En una era de gestión según las cifras, muchos directivos estadounidenses —especialmente en las industrias maduras— se muestran reacios a invertir mucho en el desarrollo de nuevos procesos de fabricación. Cuando se les pide que expliquen su reticencia, suelen responder de formas bastante predecibles. «No podemos darnos el lujo de diseñar nuevos equipos de capital solo para nuestras propias necesidades de fabricación» es una respuesta frecuente. Así es: «Los productores de bienes de capital hacen un trabajo mucho mejor y pueden amortizar sus costes de desarrollo en lugar de las ventas a muchas empresas». Quizás lo más común sea: «Deje que los demás experimenten en la fabricación; podemos aprender de sus errores y hacerlo mejor».

Cada uno de estos comentarios se basa en el supuesto de que los avances esenciales de la tecnología de procesos se pueden aprovechar más fácilmente mediante la compra de equipos que mediante el diseño y el desarrollo internos de los equipos. Nuestras amplias conversaciones con los directores de empresas tecnológicas europeas (principalmente alemanas) nos han convencido de que esta suposición no se comparte tan ampliamente en el extranjero como en los Estados Unidos. Prácticamente en general, los directivos europeos nos impresionaron con su firme compromiso de aumentar la cuota de mercado mediante el desarrollo interno de una tecnología de procesos avanzada, incluso cuando sus proveedores respondían muy bien a los avances tecnológicos.

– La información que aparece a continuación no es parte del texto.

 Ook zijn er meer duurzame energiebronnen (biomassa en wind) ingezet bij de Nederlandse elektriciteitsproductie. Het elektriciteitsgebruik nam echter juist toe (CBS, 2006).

Por el contrario, los directivos estadounidenses tienden a restringir las inversiones en el desarrollo de procesos únicamente a aquellos elementos que puedan reducir los costes a corto plazo. No todos están contentos con esto. Como nos dijo un ejecutivo descontento: «Durante demasiado tiempo, a los directivos estadounidenses se les ha enseñado a fijar prioridades bajas en los proyectos de mecanización, por lo que, finalmente, la desinversión parece ser la mejor manera de superar las dificultades de fabricación. ¿Por qué?

«La búsqueda del éxito a corto plazo ha impedido a los directivos analizar a fondo la cuestión de los equipos de fabricación especiales, que hay que inventar, desarrollar, probar, rediseñar, reproducir, mejorar, etc. Es un proceso largo, que necesita personas con experiencia, conocimientos y dedicación que se dediquen a su trabajo durante un período de tiempo considerable. La mera compra de equipos nuevos (aunque sea posible) no suele dar a la empresa ninguna ventaja sobre la competencia».

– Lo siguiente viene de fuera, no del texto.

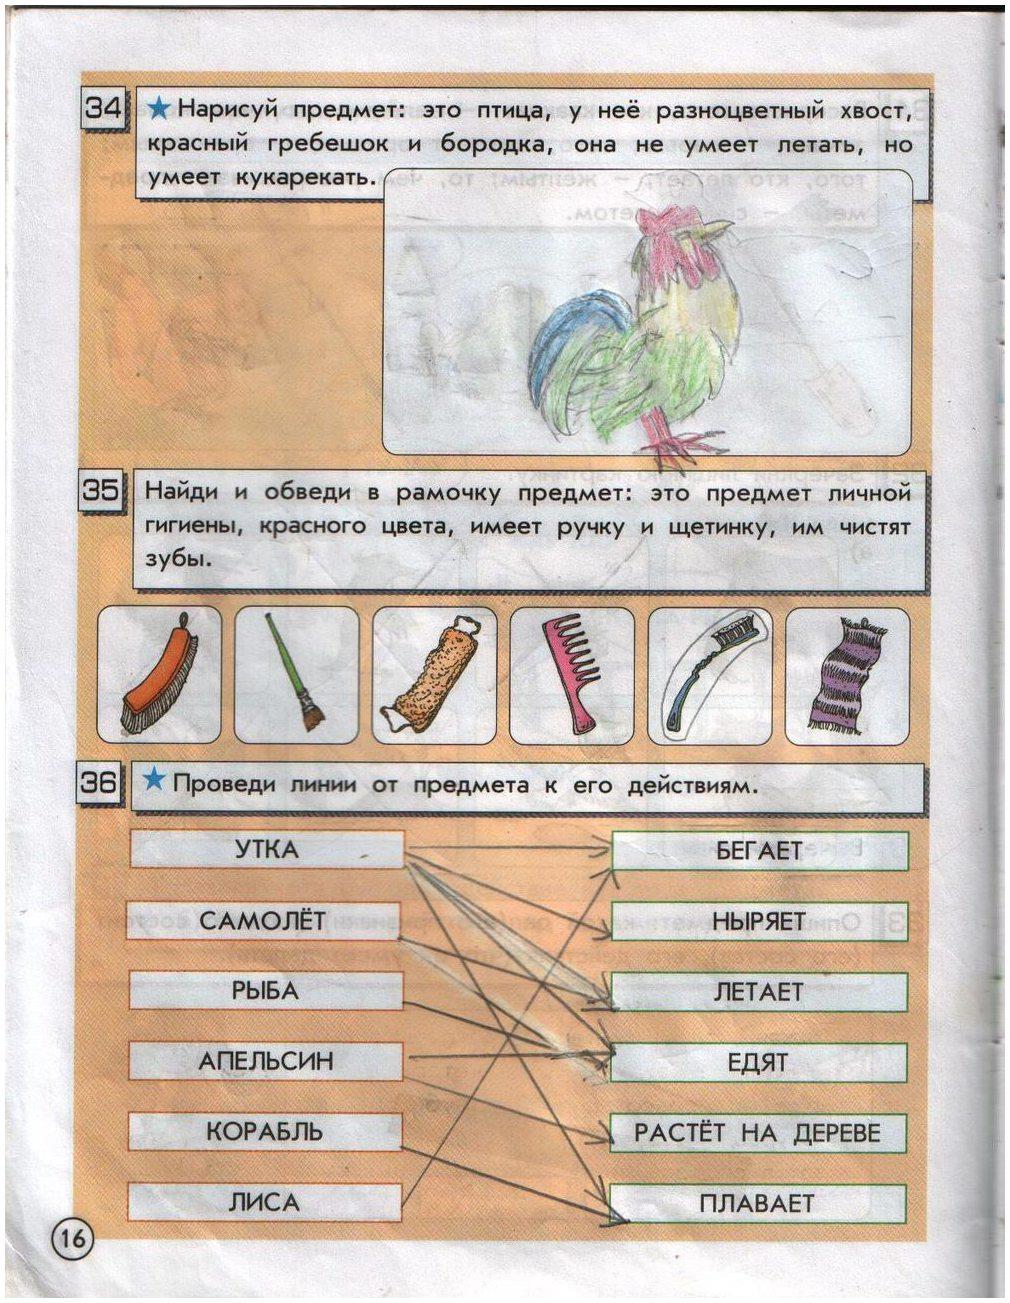 ГДЗ Информатика 2 класс часть 1 страница 16 Горячев, Горина

Estamos de acuerdo. La mayoría de los directivos estadounidenses parecen olvidar que, incluso si producen nuevos productos con la tecnología de proceso actual (el mismo «cortador de galletas» que todos los demás pueden comprar), sus competidores se enfrentarán a un plazo de entrega relativamente corto para introducir productos similares. Y como muestran los estudios de Eric von Hippel sobre innovación industrial, las innovaciones en las que se basan los nuevos equipos industriales suelen provenir del usuario del equipo y no del fabricante del equipo.7 En otras palabras, las empresas pueden hacer que los productos sean más rentables si invierten en el desarrollo de su propia tecnología de procesos. Los procesos patentados son armas competitivas tan formidables como los productos patentados.

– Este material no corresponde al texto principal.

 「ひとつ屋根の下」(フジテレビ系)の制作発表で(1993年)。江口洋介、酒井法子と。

El ideal directivo estadounidense

Quedan por hacerse dos preguntas muy importantes: (1) ¿Por qué tantos directivos estadounidenses deberían haber adoptado con tanta fuerza esta nueva ortodoxia empresarial? y (2) ¿Por qué no les preocupan más los efectos negativos de esos principios en la competitividad tecnológica a largo plazo de sus empresas? Para responder a la primera pregunta, debemos analizar los cambios en los patrones profesionales de los directivos estadounidenses durante el último cuarto de siglo; para responder a la segunda, debemos entender la forma en que han llegado a considerar sus funciones y responsabilidades profesionales como directivos.

El camino hacia la cima.

Durante los últimos 25 años, el camino del entrenador estadounidense hacia la cima ha cambiado significativamente. La típica carrera, recorrer sinuosamente una empresa con paradas en varias áreas funcionales, ya no proporciona a los futuros altos ejecutivos un conocimiento profundo y práctico de las tecnologías, los clientes y los proveedores de la empresa.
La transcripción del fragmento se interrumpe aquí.